Unnamed: 0,The,on,my,dog,sat,bed,face,cat
0,1,1,1,0,1,0,1,1
1,1,1,1,1,1,1,0,0


In [22]:
def computeTF(wordDict, bow):
    tfDict = {}
    bowCount = len(bow)
    for word, count in wordDict.items():
        tfDict[word] = round(count/float(bowCount), 2)
    return tfDict

In [25]:
tfBowA = computeTF(wordDictA, bowA)
tfBowB = computeTF(wordDictB, bowB)

tfBowA

{'The': 0.17,
 'on': 0.17,
 'my': 0.17,
 'dog': 0.0,
 'sat': 0.17,
 'bed': 0.0,
 'face': 0.17,
 'cat': 0.17}

In [26]:
tfBowB

{'The': 0.17,
 'on': 0.17,
 'my': 0.17,
 'dog': 0.17,
 'sat': 0.17,
 'bed': 0.17,
 'face': 0.0,
 'cat': 0.0}

In [29]:
def computeIDF(docList):
    import math
    
    idfDict = {}
    N = len(docList)
    idfDict = dict.fromkeys(docList[0].keys(), 0)
    
    for doc in docList:
        for word, val in doc.items():
            if val > 0:
                idfDict[word] += 1
    for word, val in idfDict.items():
        idfDict[word] = math.log10(N/float(val))
        
    return idfDict

In [30]:
idfs = computeIDF([wordDictA, wordDictB])

In [31]:
idfs

{'The': 0.0,
 'on': 0.0,
 'my': 0.0,
 'dog': 0.3010299956639812,
 'sat': 0.0,
 'bed': 0.3010299956639812,
 'face': 0.3010299956639812,
 'cat': 0.3010299956639812}

In [41]:
def computeTFIDF(tfBow, idfs):
    tfidf = {}
    
    for word, val in tfBow.items():
        tfidf[word] = round(val*idfs[word], 2)
    return tfidf

In [43]:
tfidfBowA = computeTFIDF(tfBowA, idfs)
tfidfBowB = computeTFIDF(tfBowB, idfs)

In [44]:
tfidfBowA

{'The': 0.0,
 'on': 0.0,
 'my': 0.0,
 'dog': 0.0,
 'sat': 0.0,
 'bed': 0.0,
 'face': 0.05,
 'cat': 0.05}

In [45]:
import pandas as pd
pd.DataFrame([tfidfBowA, tfidfBowB])

Unnamed: 0,The,on,my,dog,sat,bed,face,cat
0,0.0,0.0,0.0,0.0,0.0,0.0,0.05,0.05
1,0.0,0.0,0.0,0.05,0.0,0.05,0.0,0.0


### Using sklearn for TF-IDF

In [51]:
from sklearn.feature_extraction.text import TfidfVectorizer

In [52]:
docA = "The car is driven on the road"
docB = "The truck is driven on the highway"

In [53]:
tfidf = TfidfVectorizer()

In [54]:
response = tfidf.fit_transform([docA, docB])

In [55]:
feature_names = tfidf.get_feature_names()

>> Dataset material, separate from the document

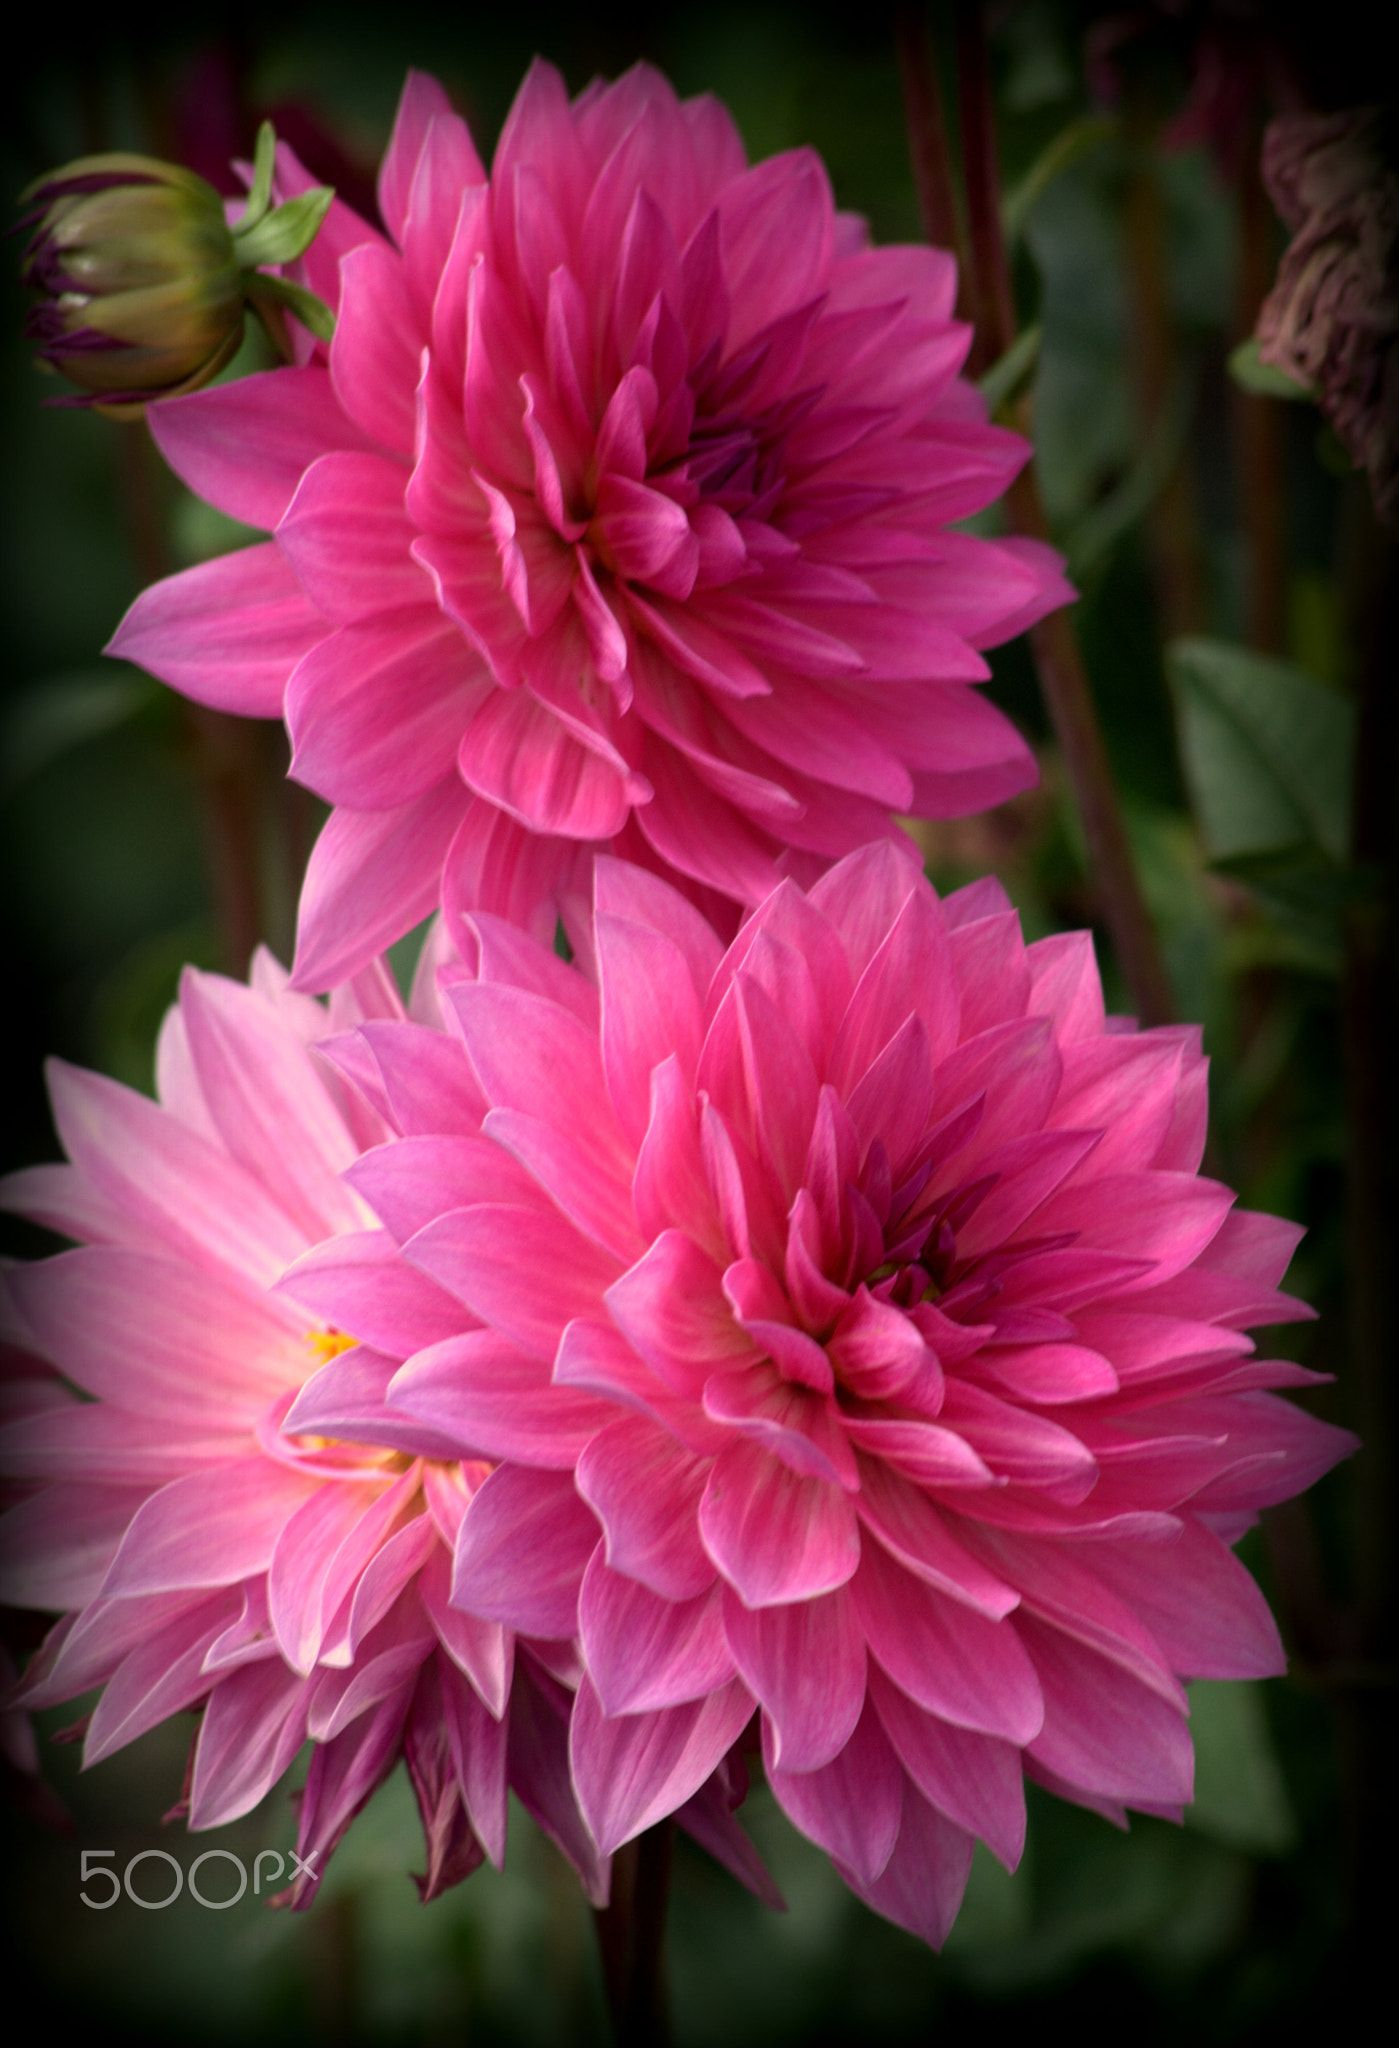 Pink dahlia flowers radiant pinterest dahlia flowers pink dahlia flowers izmirmasajfo

for col in response.nonzero()[1]:
     print (feature_names[col], ' - ', response[0, col])

road  -  0.42471718586982765
on  -  0.30218977576862155
driven  -  0.30218977576862155
is  -  0.30218977576862155
car  -  0.42471718586982765
the  -  0.6043795515372431
highway  -  0.0
truck  -  0.0
on  -  0.30218977576862155
driven  -  0.30218977576862155
is  -  0.30218977576862155
the  -  0.6043795515372431


In [56]:
print(response)

  (0, 5)	0.42471718586982765
  (0, 4)	0.30218977576862155
  (0, 1)	0.30218977576862155
  (0, 3)	0.30218977576862155
  (0, 0)	0.42471718586982765
  (0, 6)	0.6043795515372431
  (1, 2)	0.42471718586982765
  (1, 7)	0.42471718586982765
  (1, 4)	0.30218977576862155
  (1, 1)	0.30218977576862155
  (1, 3)	0.30218977576862155
  (1, 6)	0.6043795515372431


To learn more about sklearn TF-IDF, you can use this 
<a> href="https://scikit-learn.org/stable/modules/generated/sklearn.feature_extraction.text.TfidfVectorizer.html" > Link </a>

In [58]:
from sklearn.feature_extraction.text import TfidfVectorizer
corpus = [
    'This is the first document.',
    'This document is the second document.',
    'And this is the third one.',
    'Is this the first document?',
]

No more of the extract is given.